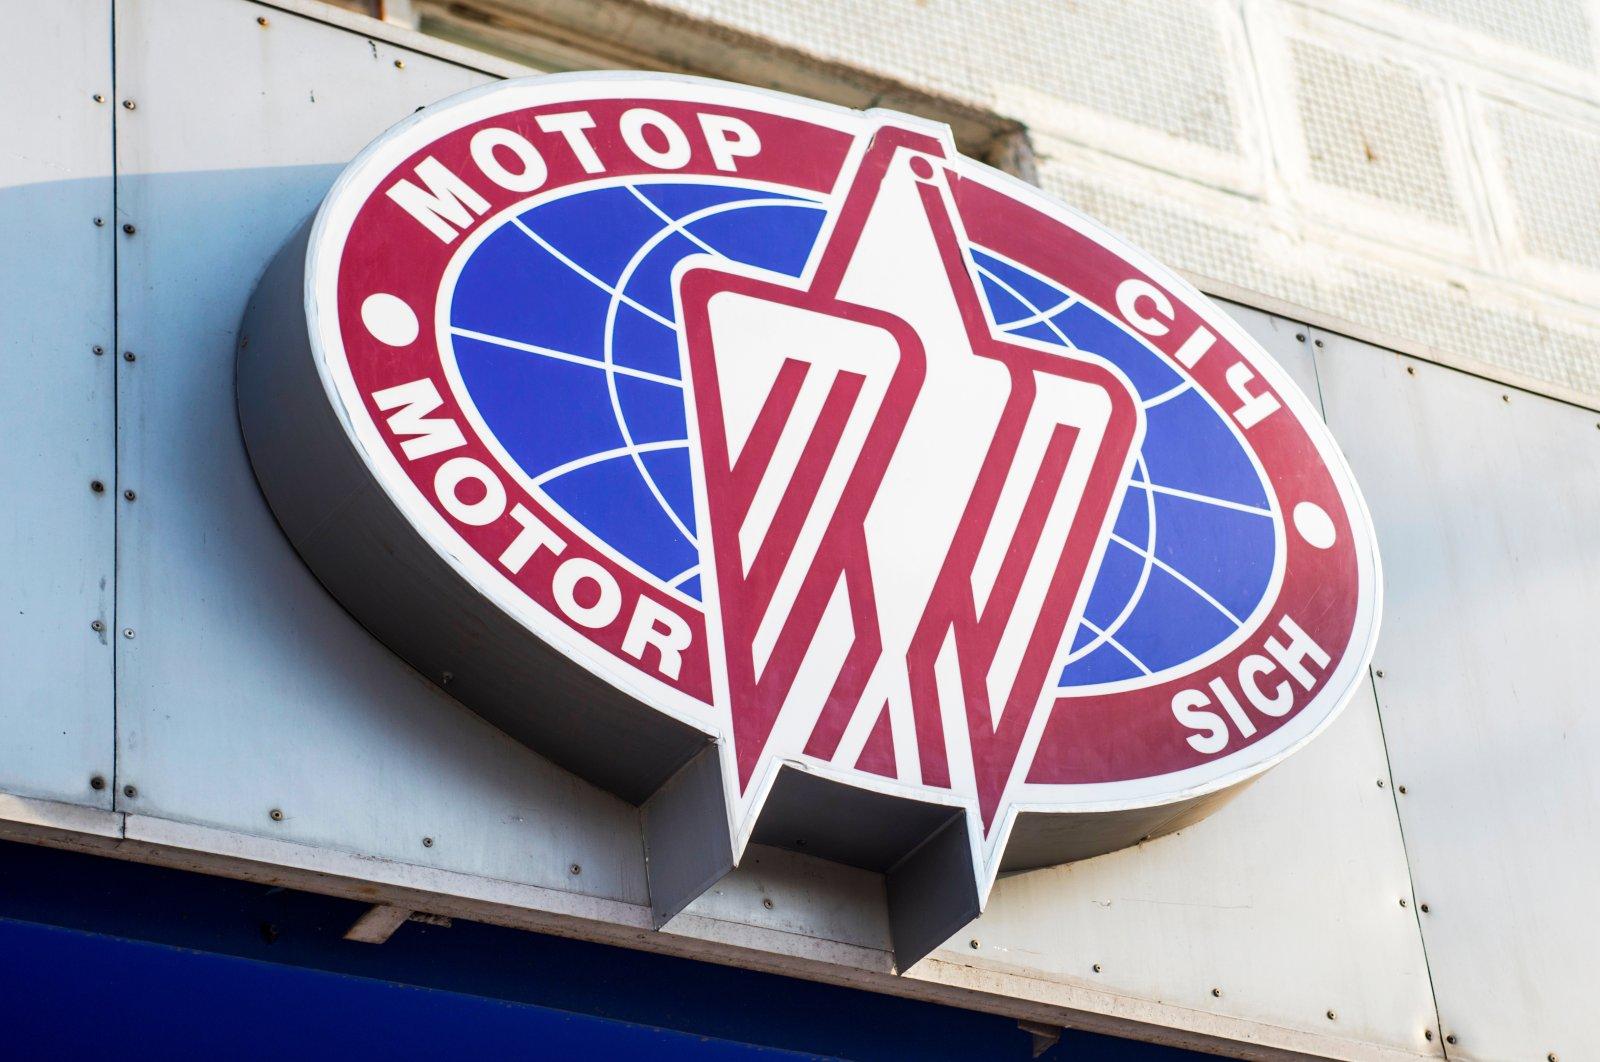 The Motor Sich logo is seen on a company building, Zaporozhye, Ukraine,  Feb. 2, 2021. (Shutterstock Photo)
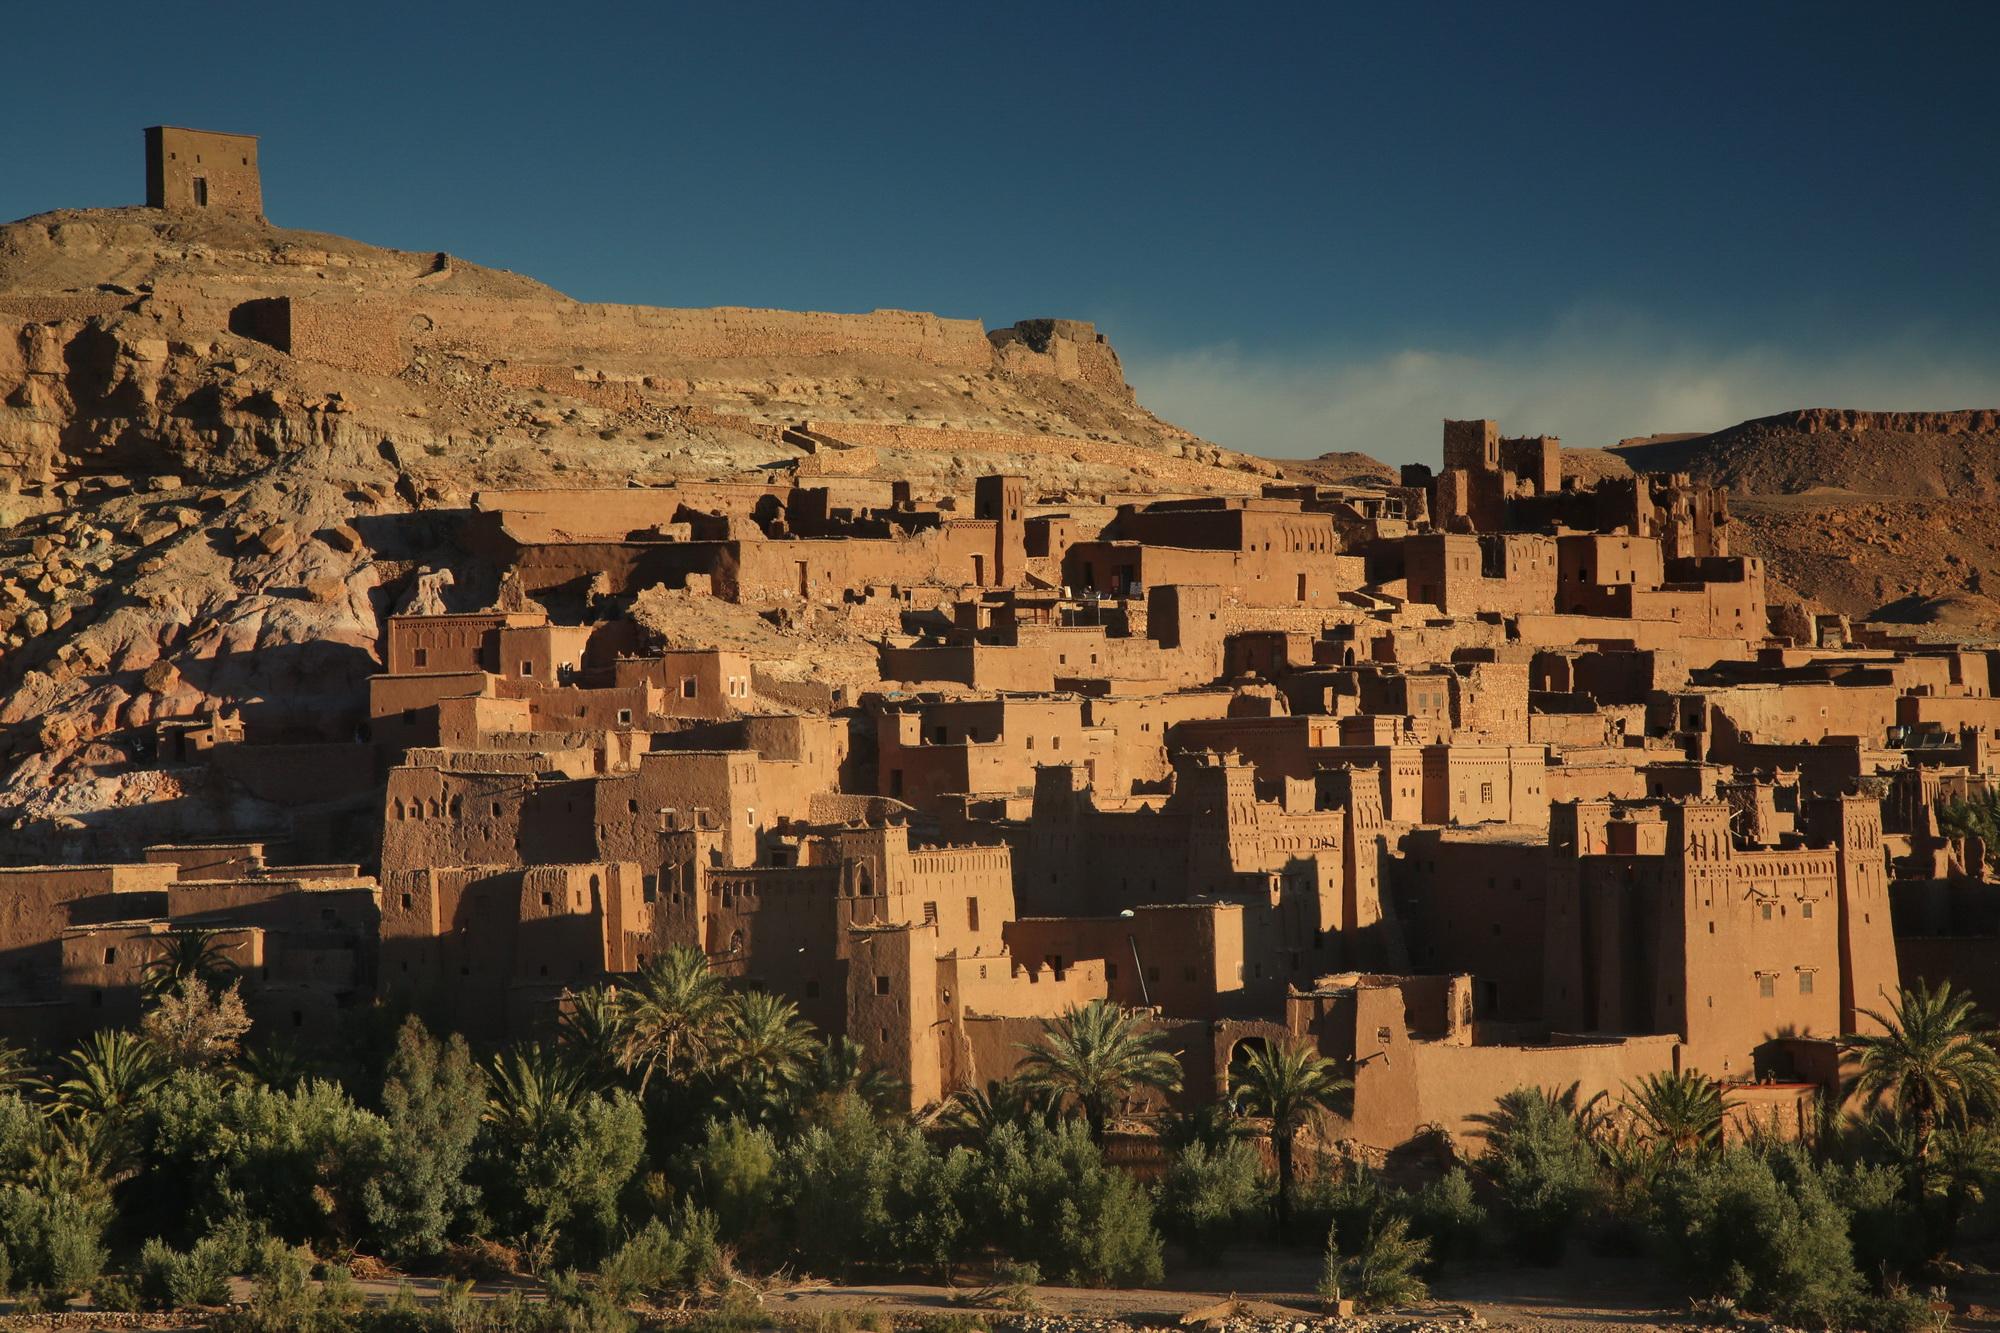 Marocco_IQ2A2979_∏ Luca Bracali
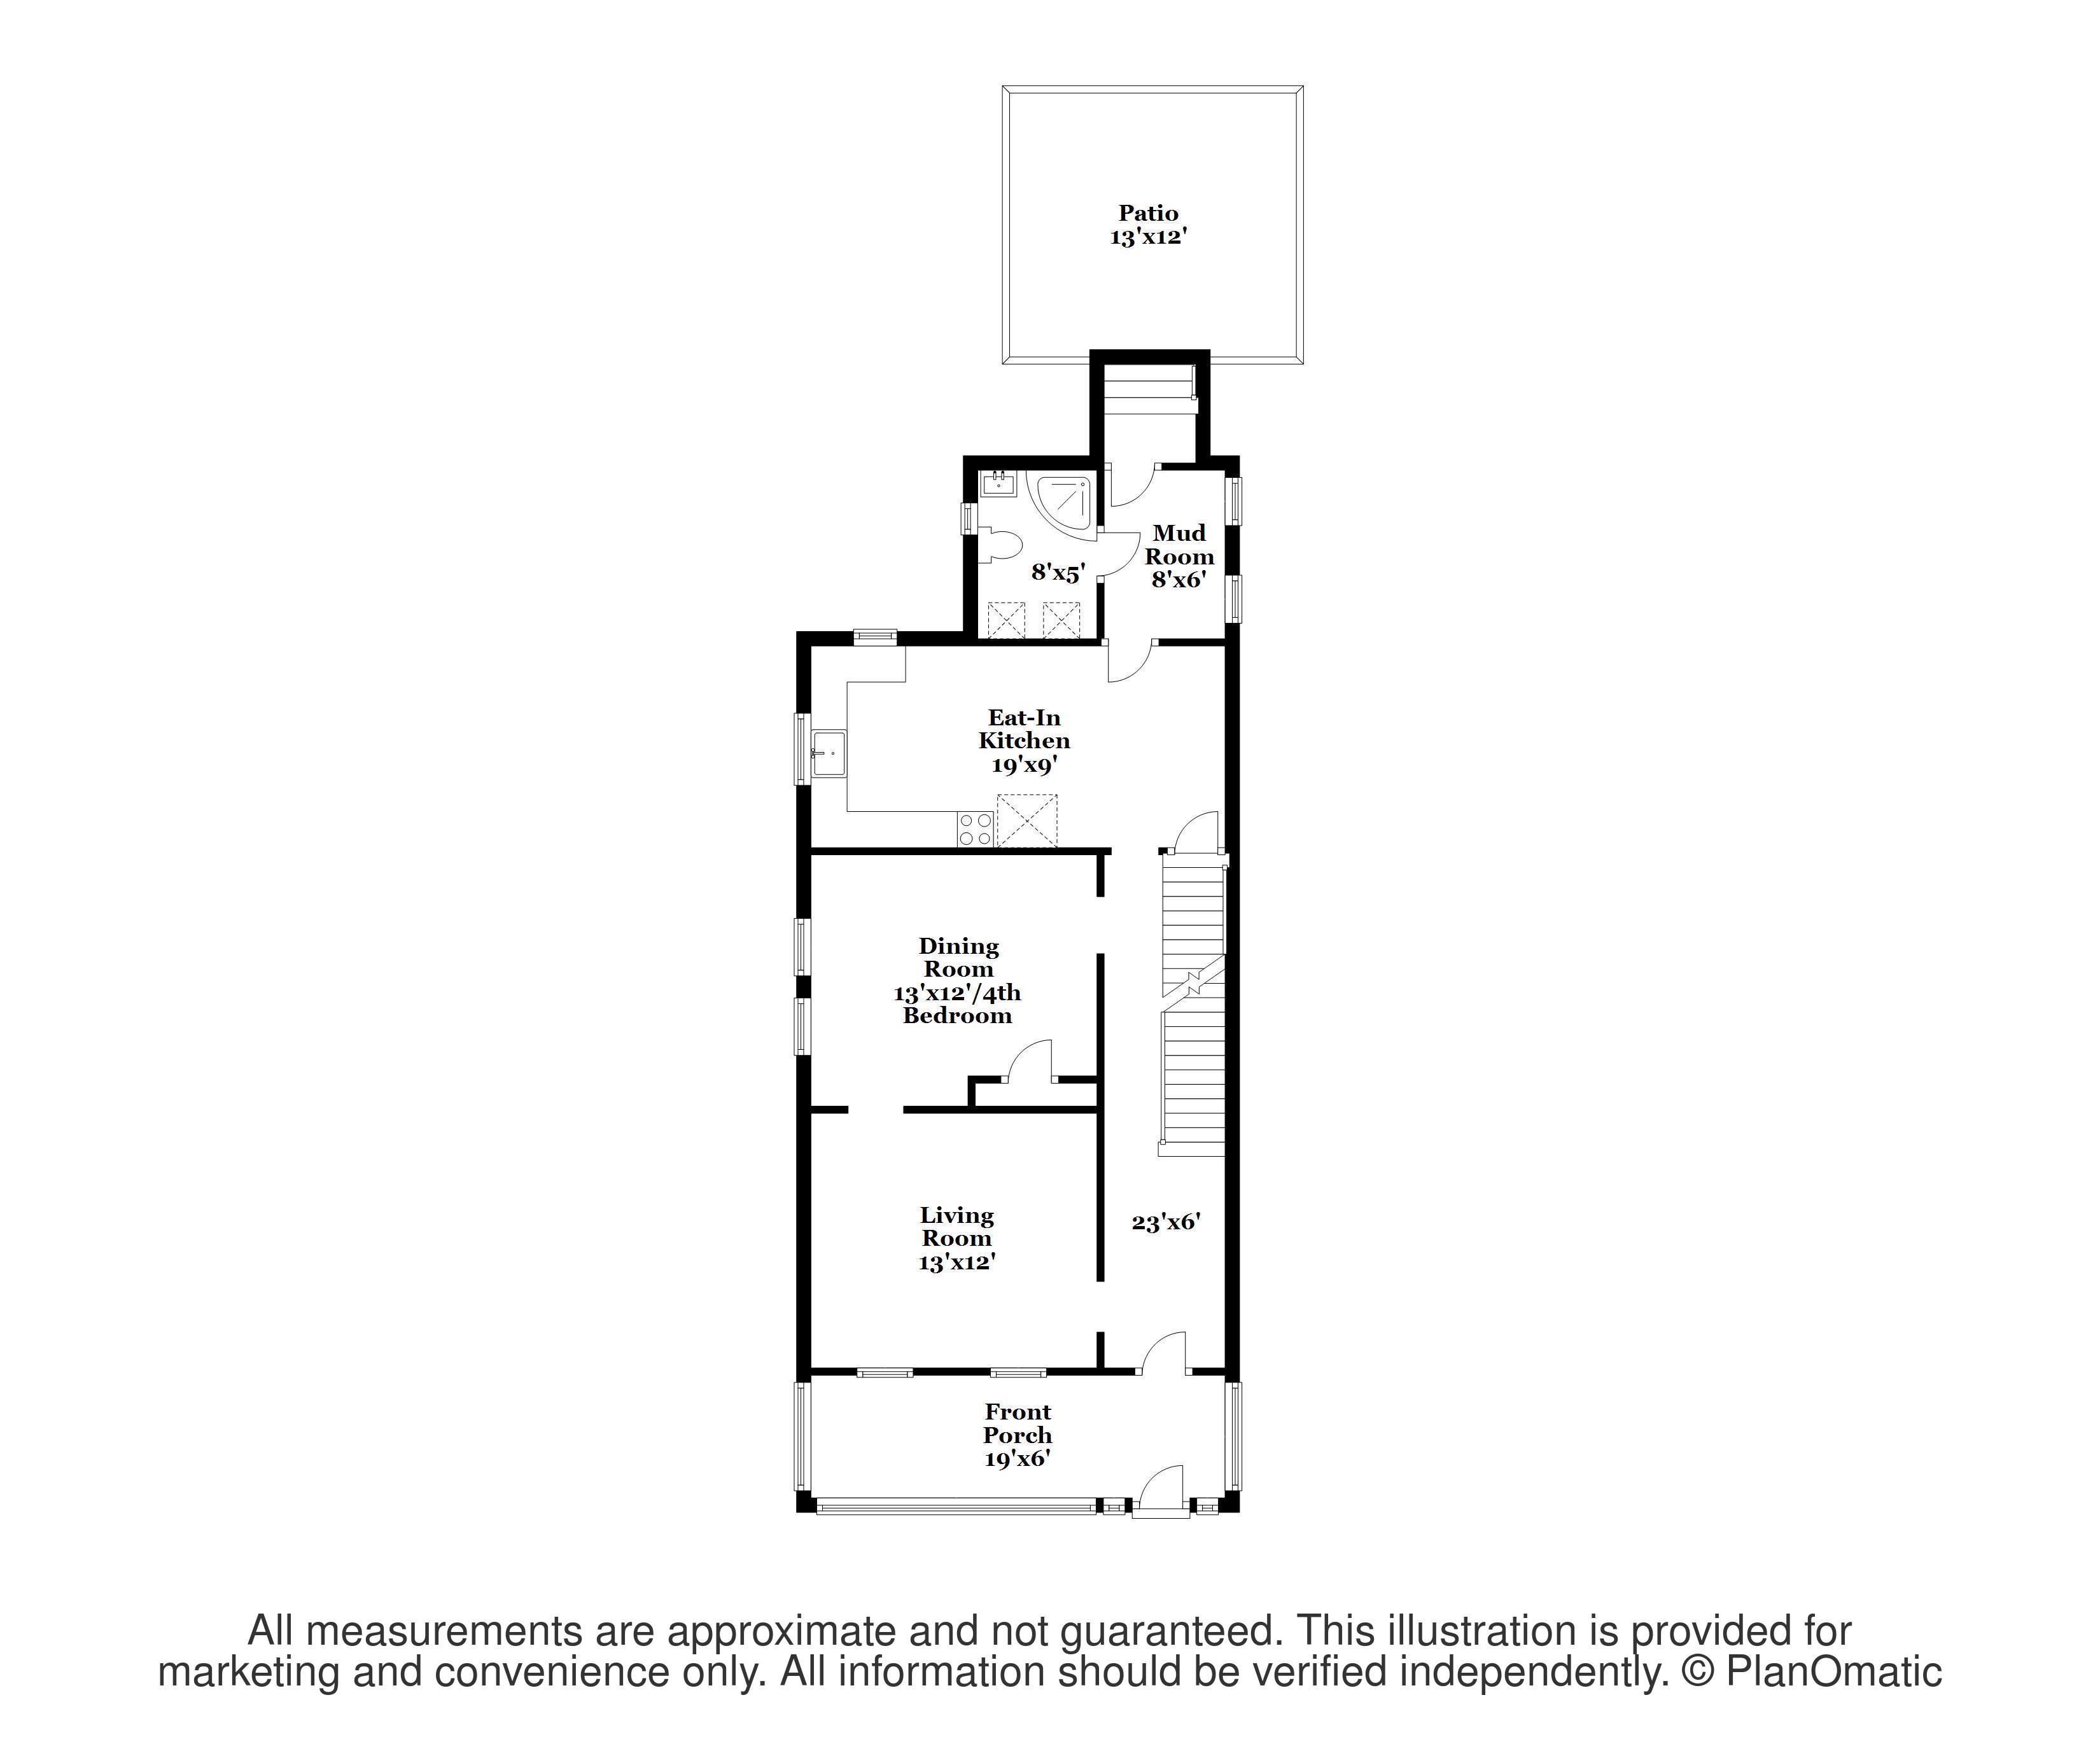 single family homes para Venda às Freshened In-Town 3-4 Bedroom with 3 Parking Spots 20 Leigh Avenue, Princeton, Nova Jersey 08540 Estados Unidos

[GOAL OF THE EXERCISE]:
Please print the data above once more, exactly and without images.

[ANSWER AREA]:
 The Motor Sich logo is seen on a company building, Zaporozhye, Ukraine,  Feb. 2, 2021. (Shutterstock Photo)
 Marocco_IQ2A2979_∏ Luca Bracali
 single family homes para Venda às Freshened In-Town 3-4 Bedroom with 3 Parking Spots 20 Leigh Avenue, Princeton, Nova Jersey 08540 Estados Unidos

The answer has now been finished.